Local services will be a key offering from hotels to guests
Hotel guests don’t travel to a hotel simply for that pleasure. They want to experience as much of their destination as possible, and it can only be in the hotels favour if they help a guest do this. But as AccorHotels has done, it’s also a chance to profit from non-guests.
SiteMinder says: While it may not be the first thing that comes to mind when thinking of industry forecasts, it could be one of the most important. In its basic form, it allows hoteliers the ability to promote surrounding services to their guests, but also their hospitality services to non-guests.
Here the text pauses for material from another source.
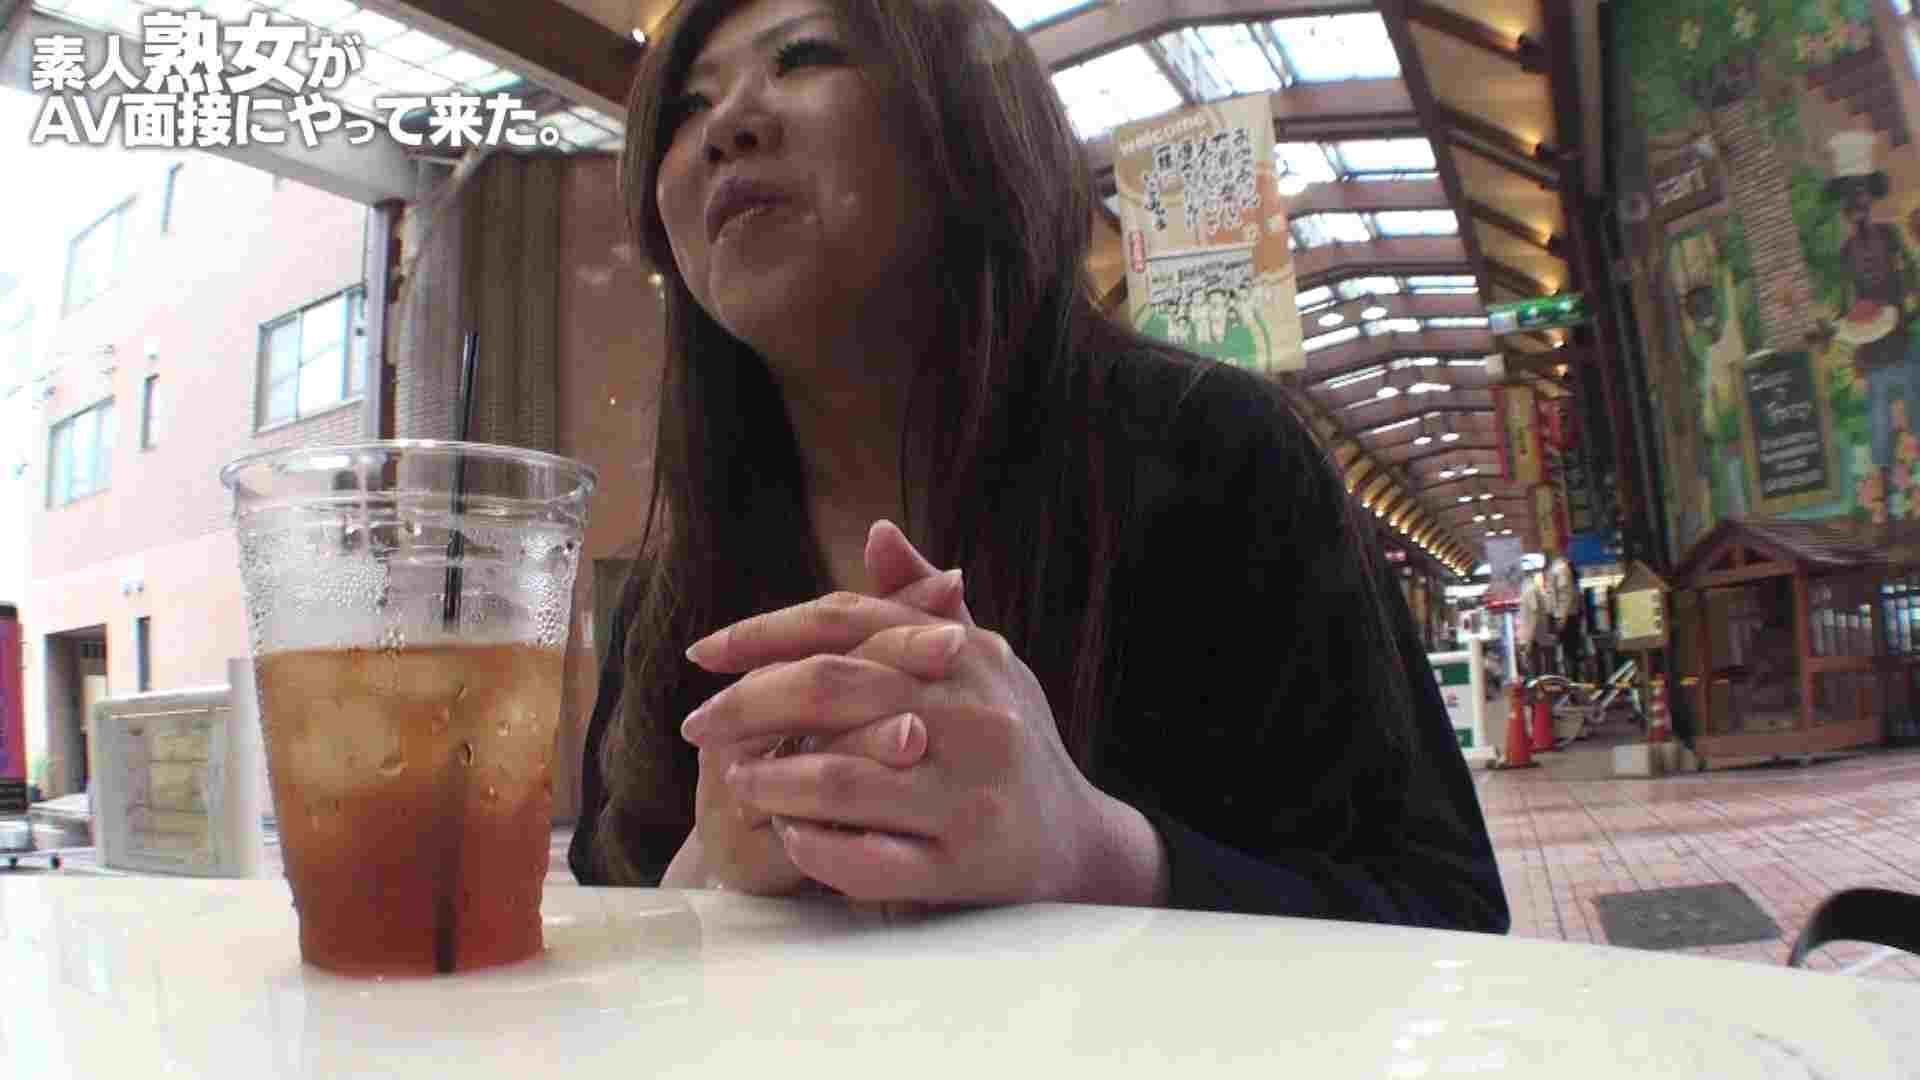 素人熟女がAV面接にやってきた (仮名)ゆかさんVOL.01 熟女 のぞき動画画像 71pic 68
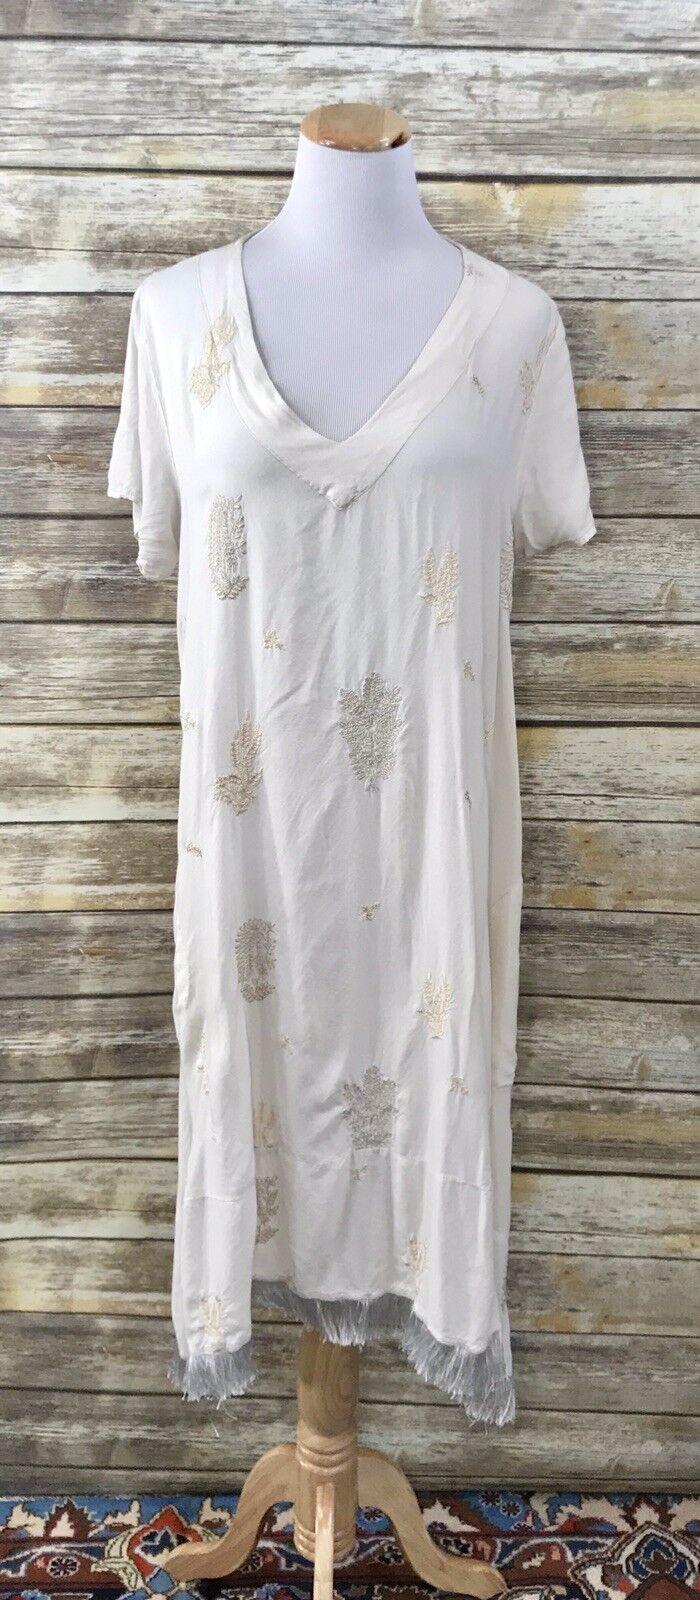 Ruby Yaya Women's Bohemian Dress Tunic  Ivory Embroidered Beach Dress L Coverup

Offerings can include bouquet deliveries, yoga or other fitness classes provided on-site, food deliveries, or pay-by-the-hour car rental services. Accommodation-sharing platforms like Airbnb place a huge emphasis on local experiences. If hotels can be hosted on Airbnb, via a partnership such as the one SiteMinder and Airbnb just announced, it could significantly improve their revenue opportunities.
Environmentally conscious hotels will have an increasing advantage
As travellers increasingly look to derive meaning from their travel, spending money on hotels that are aware of, and support, the local environment is seen as one avenue to do this. Even back in 2014 this was apparent in the attitudes of travellers, who were willing to pay more for a sustainable hotel.
SiteMinder says: There’s no doubting the increasing awareness around environmentalism among travellers. More than ever, eco-conscious travellers are searching for authentic experiences that leave a positive impact on the surrounding area, rather than a negative one. It’s going to be a lasting demand from global travellers so hotels should make efforts to improve their sustainability, for the benefit of the environment and their guests’ peace of mind.